(Exercise):
An exact retyping of all lines below is the answer; pictures do not belong in it.

(Data shown):
----
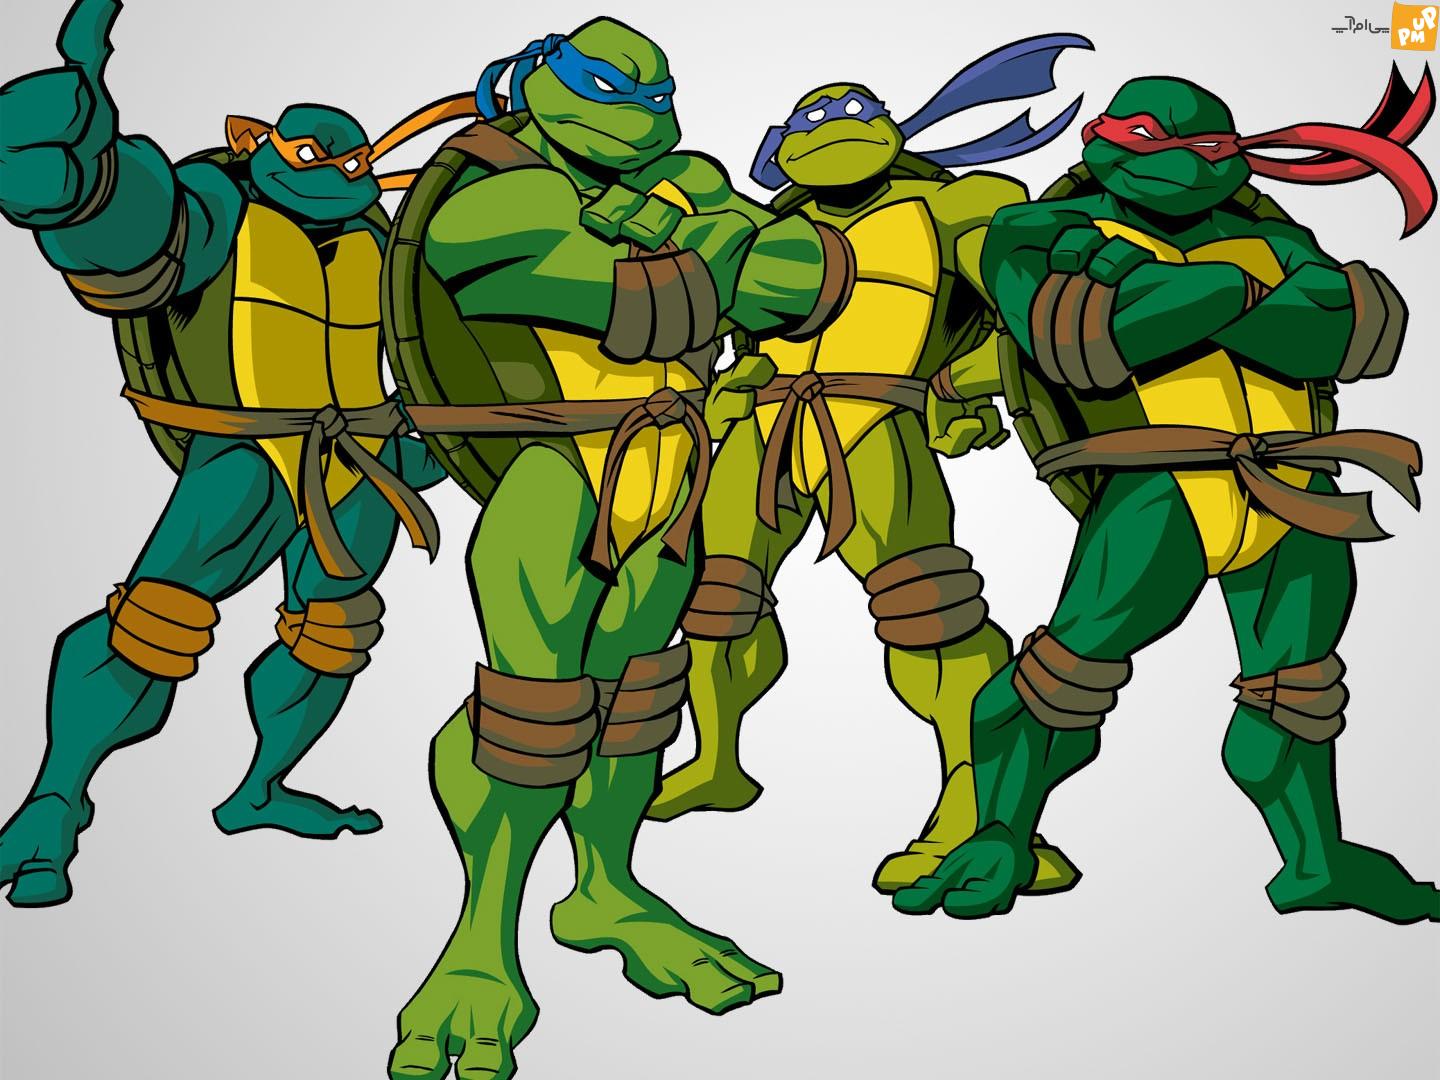 سری جدید لاکپشت های نینجا در پارامونت ساخته می شود!/نام جدید این سریال Teenage Mutant Ninja Turtles: Mutant Mayhem است!/عکس
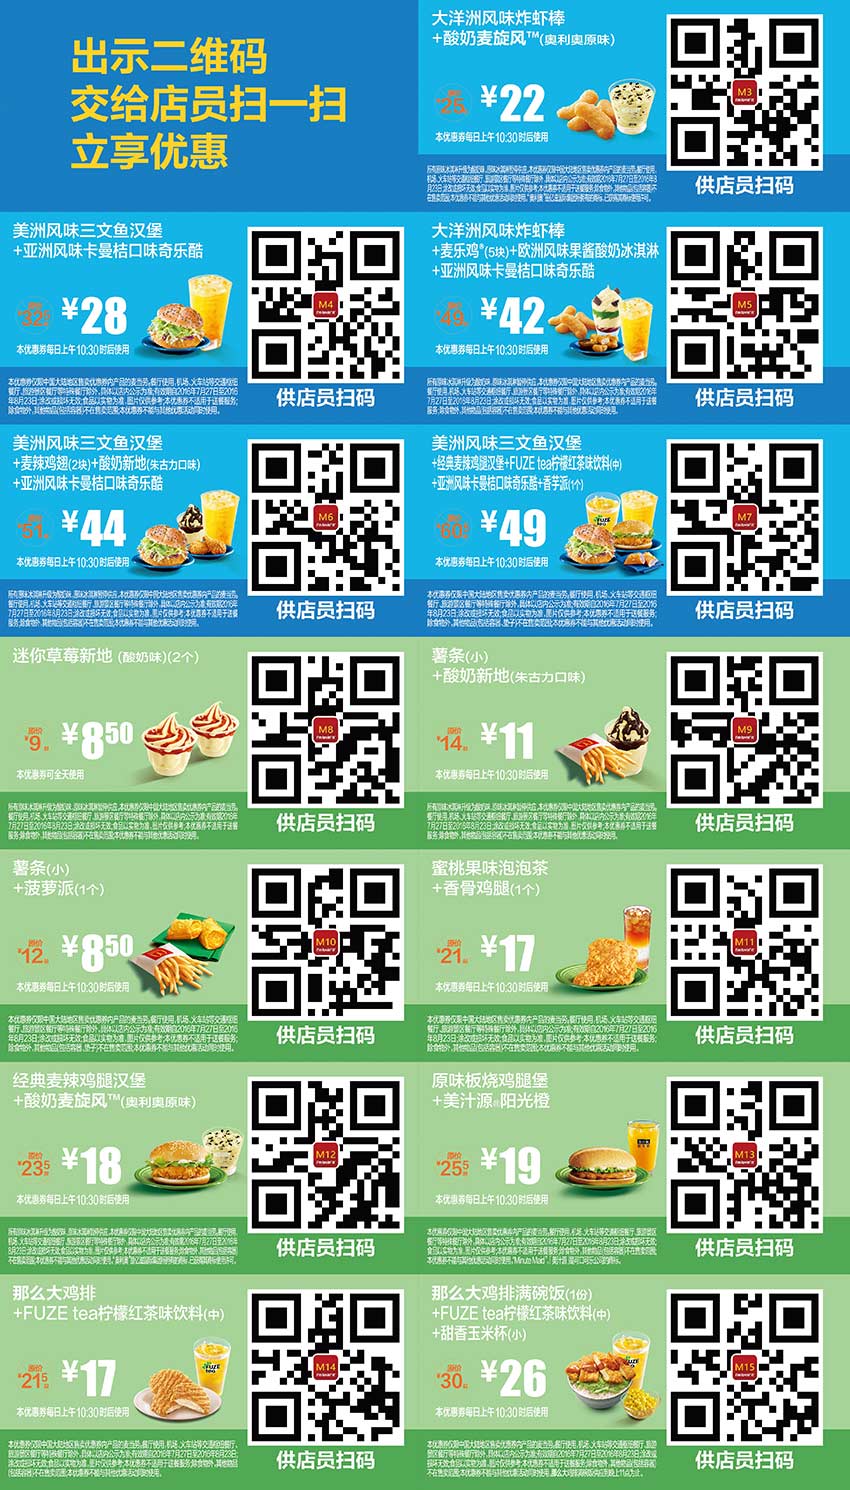 麦当劳优惠券2016年7月8月整张版本，麦当劳7月8月手机优惠券出示享优惠 有效期至：2016年8月23日 www.5ikfc.com
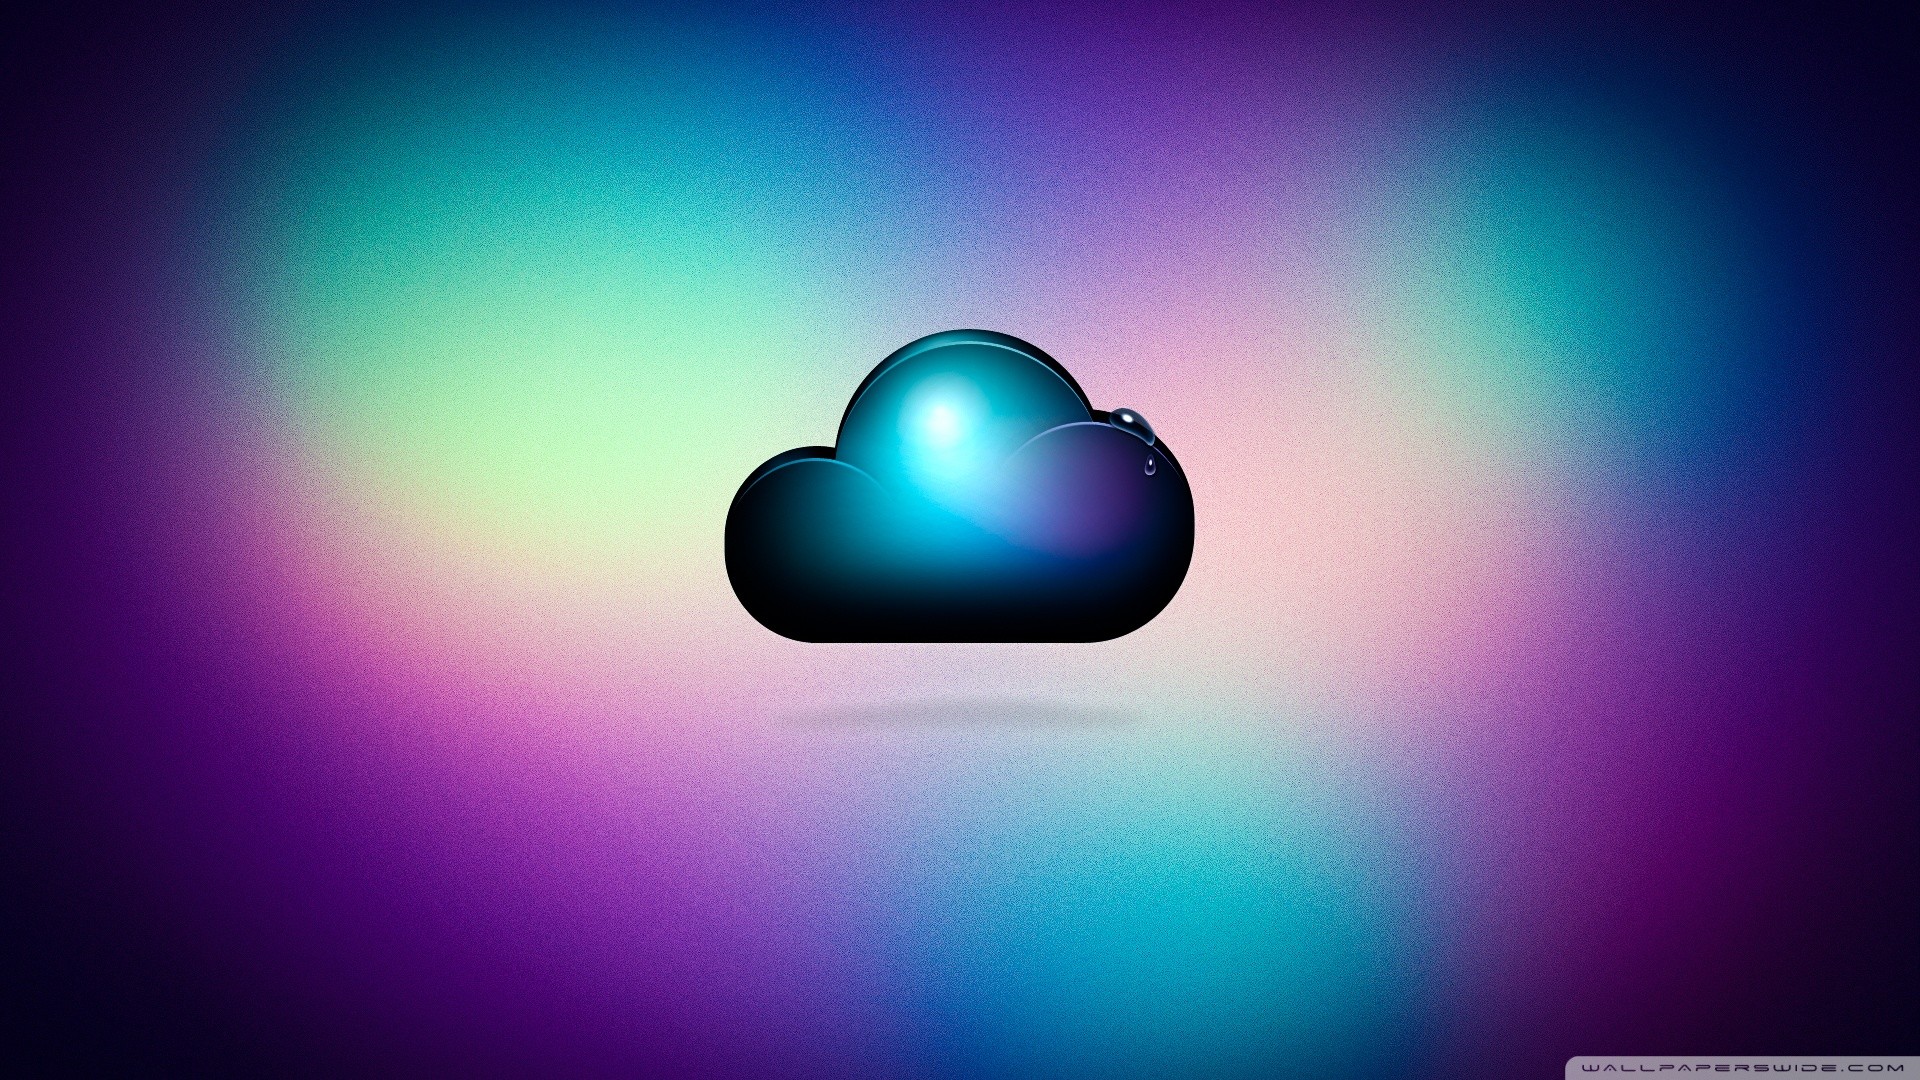 1920x1080 best cute cloud hd desktop wallpaper high definition fullscreen with cloud  wallpaper.
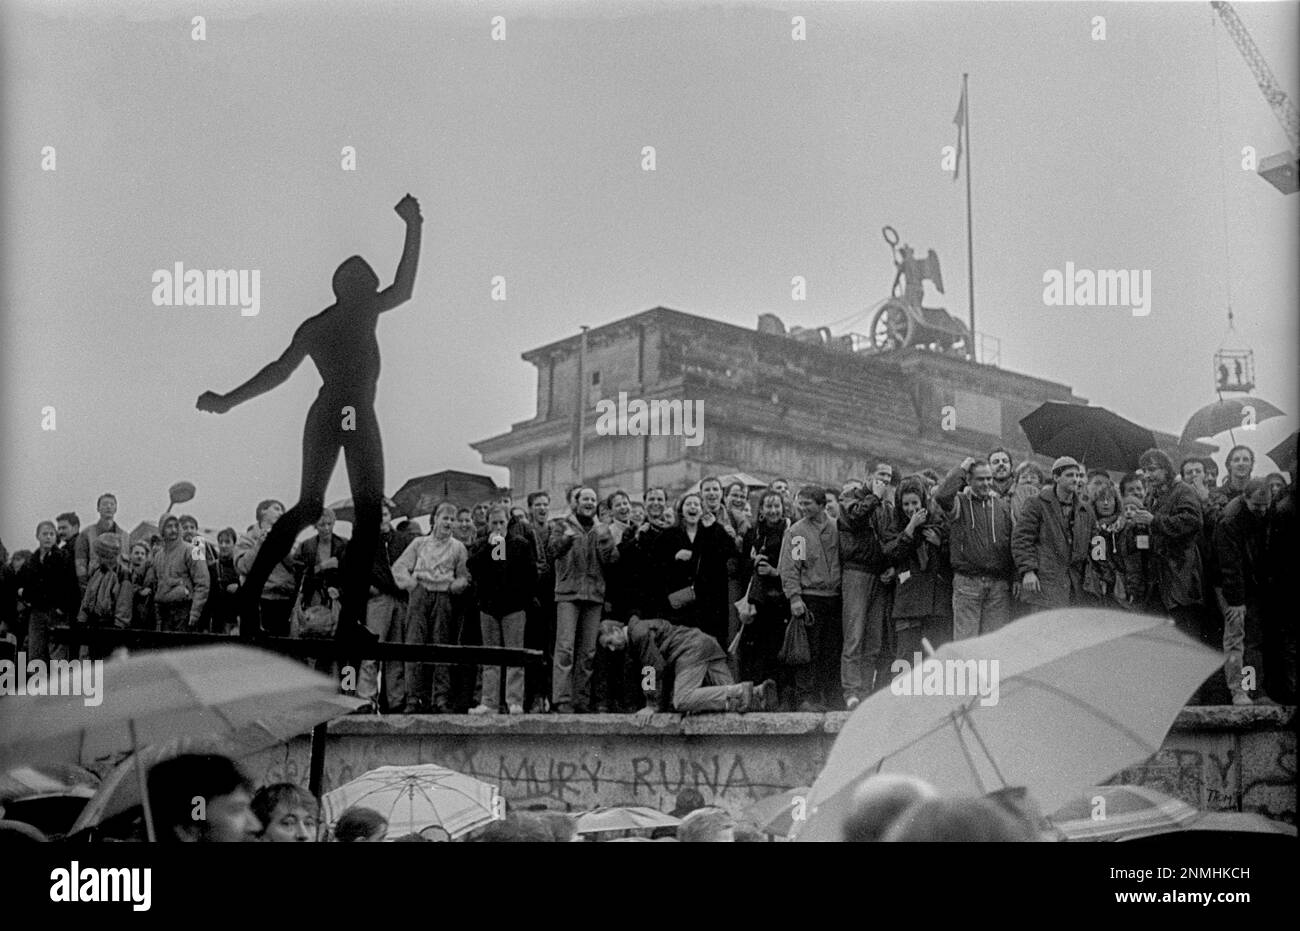 DDR, Berlin, 22.12.1989, Öffnung des Brandenburger Tors, die Mauer wird am Brandenburger Tor geöffnet, Menschen an der Mauer Stockfoto
----
(Response):
 سری جدید لاکپشت های نینجا در پارامونت ساخته می شود!/نام جدید این سریال Teenage Mutant Ninja Turtles: Mutant Mayhem است!/عکس
 麦当劳优惠券2016年7月8月整张版本，麦当劳7月8月手机优惠券出示享优惠 有效期至：2016年8月23日 www.5ikfc.com
 1920x1080 best cute cloud hd desktop wallpaper high definition fullscreen with cloud  wallpaper.
 DDR, Berlin, 22.12.1989, Öffnung des Brandenburger Tors, die Mauer wird am Brandenburger Tor geöffnet, Menschen an der Mauer Stockfoto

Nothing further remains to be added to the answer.